# Vouchers



## Drikusw (20/6/18)

I received a voucher from my wife which she purchased online. Can anyone tell me if this Vape King voucher is only redeemable online or can I purchase in-store as well?

Thanks


----------



## Stosta (20/6/18)

Drikusw said:


> I received a voucher from my wife which she purchased online. Can anyone tell me if this Vape King voucher is only redeemable online or can I purchase in-store as well?
> 
> Thanks


Pretty sure you could go in-store to buy as well. When I last bought at VK I'm sure they used some sort of online profile for my purchase.

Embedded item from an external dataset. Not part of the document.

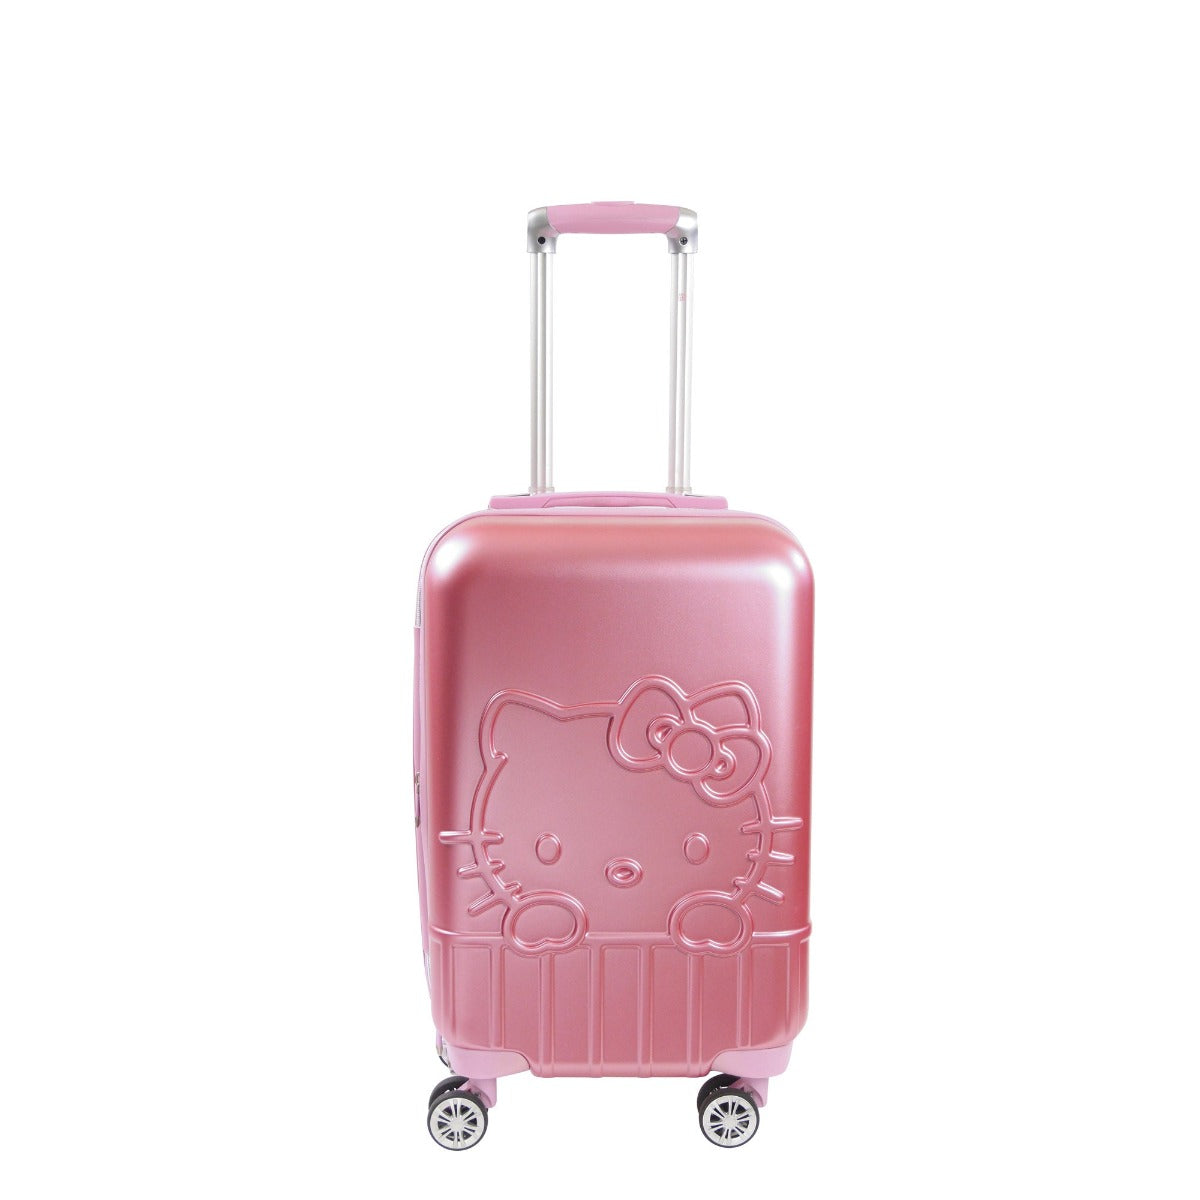 The New Hard Sided Trolley Case

Tagging @Gizmo or @Stroodlepuff for assistance.

Reactions: Like 1


----------



## Drikusw (20/6/18)

Stosta said:


> Pretty sure you could go in-store to buy as well. When I last bought at VK I'm sure they used some sort of online profile for my purchase.
> 
> Tagging @Gizmo or @Stroodlepuff for assistance.


Thanks Stosta

Reactions: Like 1


----------



## Drikusw (25/6/18)

@Stroodlepuff 
@Gizmo 

Hi guys, could you please advise ?


----------



## Stroodlepuff (25/6/18)

Hi There

Sorry not sure how I missed this, unfortunately online vouchers are only redeemable online as not all the stores are internally owned

Reactions: Informative 1


----------



## Drikusw (25/6/18)

Stroodlepuff said:


> Hi There
> 
> Sorry not sure how I missed this, unfortunately online vouchers are only redeemable online as not all the stores are internally owned



Thanks for clarifying.


----------